(Beginning of The data)

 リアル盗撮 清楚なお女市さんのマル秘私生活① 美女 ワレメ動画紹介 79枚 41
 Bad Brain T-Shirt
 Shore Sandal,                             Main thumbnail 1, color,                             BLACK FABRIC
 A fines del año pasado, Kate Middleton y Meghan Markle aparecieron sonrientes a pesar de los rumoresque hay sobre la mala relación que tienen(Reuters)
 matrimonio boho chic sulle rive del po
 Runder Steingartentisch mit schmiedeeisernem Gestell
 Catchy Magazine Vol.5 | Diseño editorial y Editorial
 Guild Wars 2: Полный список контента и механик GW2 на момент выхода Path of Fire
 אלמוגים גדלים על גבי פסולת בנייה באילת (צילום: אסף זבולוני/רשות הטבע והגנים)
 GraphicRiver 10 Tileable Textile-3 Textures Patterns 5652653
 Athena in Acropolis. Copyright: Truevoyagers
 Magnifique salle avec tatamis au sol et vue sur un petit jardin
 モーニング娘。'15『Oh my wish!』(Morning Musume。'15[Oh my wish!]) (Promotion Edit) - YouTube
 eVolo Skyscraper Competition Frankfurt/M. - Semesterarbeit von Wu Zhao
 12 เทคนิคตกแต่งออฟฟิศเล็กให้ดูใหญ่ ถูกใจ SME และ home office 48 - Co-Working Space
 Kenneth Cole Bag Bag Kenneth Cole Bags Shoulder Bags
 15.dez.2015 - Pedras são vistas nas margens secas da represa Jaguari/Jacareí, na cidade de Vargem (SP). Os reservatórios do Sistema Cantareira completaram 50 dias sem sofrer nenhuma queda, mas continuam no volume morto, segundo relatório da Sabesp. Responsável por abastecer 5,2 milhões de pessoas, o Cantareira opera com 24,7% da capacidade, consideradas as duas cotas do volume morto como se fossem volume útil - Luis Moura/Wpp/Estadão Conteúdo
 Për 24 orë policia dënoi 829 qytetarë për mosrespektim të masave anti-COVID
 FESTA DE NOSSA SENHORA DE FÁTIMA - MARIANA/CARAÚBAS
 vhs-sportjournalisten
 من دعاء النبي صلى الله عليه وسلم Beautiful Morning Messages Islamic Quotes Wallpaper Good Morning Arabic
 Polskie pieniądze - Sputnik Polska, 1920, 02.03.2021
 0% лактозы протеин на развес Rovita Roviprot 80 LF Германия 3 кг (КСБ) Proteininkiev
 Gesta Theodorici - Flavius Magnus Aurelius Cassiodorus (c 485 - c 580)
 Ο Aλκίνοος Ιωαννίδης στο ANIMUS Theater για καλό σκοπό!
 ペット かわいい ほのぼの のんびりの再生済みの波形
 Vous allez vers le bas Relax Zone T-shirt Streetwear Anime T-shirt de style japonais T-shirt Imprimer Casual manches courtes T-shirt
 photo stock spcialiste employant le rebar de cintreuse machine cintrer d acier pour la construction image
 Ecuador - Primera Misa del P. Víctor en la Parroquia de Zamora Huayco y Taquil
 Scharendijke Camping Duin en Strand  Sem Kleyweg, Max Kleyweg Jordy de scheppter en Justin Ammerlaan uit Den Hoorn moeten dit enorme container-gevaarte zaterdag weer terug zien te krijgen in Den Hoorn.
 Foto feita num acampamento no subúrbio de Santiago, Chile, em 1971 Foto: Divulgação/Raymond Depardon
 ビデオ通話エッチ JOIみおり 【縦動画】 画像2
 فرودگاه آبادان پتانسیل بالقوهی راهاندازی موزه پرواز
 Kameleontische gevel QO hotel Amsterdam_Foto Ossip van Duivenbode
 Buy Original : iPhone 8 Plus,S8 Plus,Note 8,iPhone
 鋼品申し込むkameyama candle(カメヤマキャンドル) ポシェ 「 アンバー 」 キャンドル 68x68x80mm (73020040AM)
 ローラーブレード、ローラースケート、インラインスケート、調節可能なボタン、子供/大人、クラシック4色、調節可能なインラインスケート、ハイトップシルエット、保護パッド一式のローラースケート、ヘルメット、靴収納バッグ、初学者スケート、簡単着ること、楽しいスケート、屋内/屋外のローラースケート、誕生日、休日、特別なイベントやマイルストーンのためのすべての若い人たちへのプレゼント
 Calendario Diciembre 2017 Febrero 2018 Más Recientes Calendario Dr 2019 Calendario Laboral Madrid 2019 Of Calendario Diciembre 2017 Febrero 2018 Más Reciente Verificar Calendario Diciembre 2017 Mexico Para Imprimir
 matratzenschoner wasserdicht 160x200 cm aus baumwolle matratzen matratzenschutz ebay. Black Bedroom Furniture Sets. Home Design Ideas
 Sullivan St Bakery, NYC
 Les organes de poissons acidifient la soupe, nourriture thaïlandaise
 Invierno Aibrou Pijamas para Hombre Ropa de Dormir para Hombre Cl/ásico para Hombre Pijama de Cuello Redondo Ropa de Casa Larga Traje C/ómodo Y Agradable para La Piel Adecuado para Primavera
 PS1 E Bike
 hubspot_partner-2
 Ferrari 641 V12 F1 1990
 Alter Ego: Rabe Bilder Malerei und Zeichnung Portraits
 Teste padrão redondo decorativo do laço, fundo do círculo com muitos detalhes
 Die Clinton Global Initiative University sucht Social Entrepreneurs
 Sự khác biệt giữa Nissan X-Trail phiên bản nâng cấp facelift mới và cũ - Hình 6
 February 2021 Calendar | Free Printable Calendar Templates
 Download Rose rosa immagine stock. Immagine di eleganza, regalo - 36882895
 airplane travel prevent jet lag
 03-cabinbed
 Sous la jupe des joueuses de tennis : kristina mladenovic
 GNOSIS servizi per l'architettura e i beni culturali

(End of The data)

**Task objective**
After finding the line that contains "Ferrari 641 V12 F1 1990" in the records above, copy that line and each one after it exactly, through the final line.

**Exercise response**
 Ferrari 641 V12 F1 1990
 Alter Ego: Rabe Bilder Malerei und Zeichnung Portraits
 Teste padrão redondo decorativo do laço, fundo do círculo com muitos detalhes
 Die Clinton Global Initiative University sucht Social Entrepreneurs
 Sự khác biệt giữa Nissan X-Trail phiên bản nâng cấp facelift mới và cũ - Hình 6
 February 2021 Calendar | Free Printable Calendar Templates
 Download Rose rosa immagine stock. Immagine di eleganza, regalo - 36882895
 airplane travel prevent jet lag
 03-cabinbed
 Sous la jupe des joueuses de tennis : kristina mladenovic
 GNOSIS servizi per l'architettura e i beni culturali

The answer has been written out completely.